Andrew dan Tristan sebelumnya menjalani rangkaian proses hukum di Rumania, tempat mereka juga sedang menghadapi penyelidikan pidana. CPS menyebut bahwa pada 2024, Bedfordshire Police memperoleh European arrest warrants untuk mengembalikan keduanya dari Rumania setelah proses di sana berakhir.

Keduanya dapat melakukan perjalanan ke AS setelah pembatasan perjalanan terhadap mereka di Rumania dicabut pada awal 2025. Selama periode tersebut, pembantahan terhadap seluruh tuduhan tetap disampaikan oleh pihak mereka.

Bagaimana ekstradisi diproses antara Inggris dan AS

Seorang juru bicara Departemen Kehakiman AS menyatakan bahwa penangkapan dilakukan “pursuant to extradition proceedings”. Inggris dan AS memiliki perjanjian yang memungkinkan ekstradisi untuk dugaan pelanggaran yang, bila ditetapkan, dapat dihukum berdasarkan hukum kedua negara dengan pidana minimal setidaknya satu tahun penjara.

Untuk perkara Inggris, CPS menyiapkan permohonan ekstradisi yang disertai sertifikasi dari hakim. Permohonan akhir kemudian dikirim untuk dipertimbangkan oleh Home Office, lalu diteruskan ke negara bagian terkait melalui jalur diplomatik yang lazim.

Keputusan untuk menerima permohonan ekstradisi berada di tangan Departemen Luar Negeri AS. Setelah itu, permohonan akan diperiksa oleh pengadilan di AS, dan keputusan final ditetapkan oleh Menteri Luar Negeri AS, Marco Rubio.

Posisi pengacara dan estimasi durasi

Usai sidang singkat di pengadilan federal Miami, pengacara Andrew dan Tristan, Joe McBride, menyampaikan bahwa kliennya tidak bersalah. Ia mengatakan, “They’ve never done nothing wrong. They shouldn’t be extradited for crimes they didn’t commit,” sebelum menambahkan, “It’s garbage.
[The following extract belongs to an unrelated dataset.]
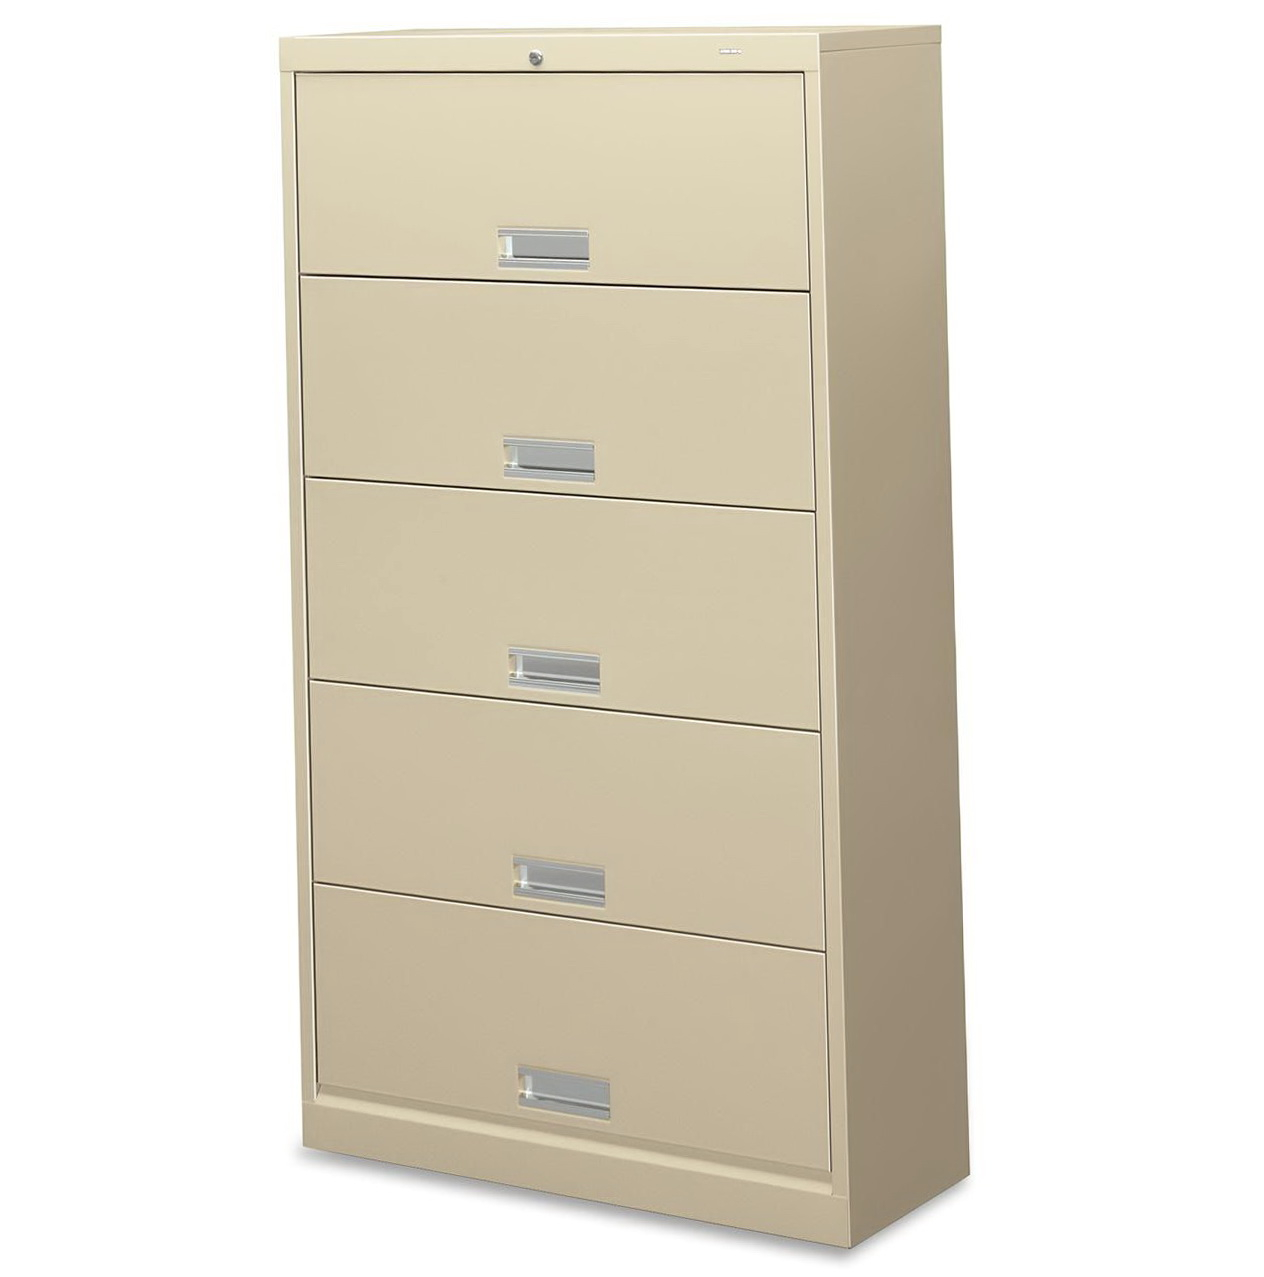 Hon File Cabinet Lock Removal Cabinet 38779 Home Design Ideas throughout sizing 1264 X 1277

It’s a stitch up job,”.

McBride juga membandingkan dakwaan terhadap keduanya dengan proses hukum yang ia sebut sedang dihadapi Presiden AS Donald Trump, yang menurutnya merupakan “a ‘witch hunt’”. Ia menilai upaya ekstradisi ini sebagai “political kidnapping”.

Ketika ditanya mengenai perkiraan waktu proses ekstradisi, McBride mengestimasi “around 60 days” sebelum persidangan berlangsung lebih lanjut.

Mungkinkah ekstradisi ditolak?

Associate Professor Gemma Davies dari Durham Law School menjelaskan bahwa perjanjian AS–Inggris memuat klausul yang dapat menghambat ekstradisi untuk tindak pidana yang bersifat politis. Dalam pandangan Davies, pengacara Tate dapat berupaya menyatakan bahwa tuduhan yang dilayangkan memiliki motif politis.

Namun Davies menegaskan bahwa penolakan ekstradisi dengan alasan tersebut sangat jarang terjadi. Ia menambahkan bahwa standar penilaiannya tinggi, dan bahwa penolakan “relatively rare” karena adanya hubungan kerja yang kuat antara otoritas kedua negara serta sistem peradilan pidana yang relatif sejenis.

Menurut Davies, ekstradisi antara Inggris dan AS “cukup umum”, sehingga secara praktik hukum mekanismenya telah sering ditempuh dan dipahami. Karena itu, penolakan dipandang menjadi pengecualian, bukan skenario utama.

Di sisi lain, Bill Bowring, Emeritus Professor of Law di Birkbeck College, University of London, menyebut bahwa proses yang sedang berjalan di Rumania menjadi kendala besar. Ia menyatakan belum melihat jawaban yang memadai atas alasan CPS kini mengejar ekstradisi dari AS setelah pengadilan Rumania pada 2024 memutuskan bahwa keduanya hanya bisa diekstradisi dari negara tersebut setelah perkara terpisah mereka selesai.

BBC juga mengajukan permintaan komentar kepada CPS terkait sikap mereka mengenai proses di Rumania. Davies menambahkan bahwa bila CPS berhasil, proses ekstradisi tetap bisa memakan waktu berbulan-bulan, dan bila ada upaya banding, penundaan bisa mencapai sekitar satu tahun atau lebih.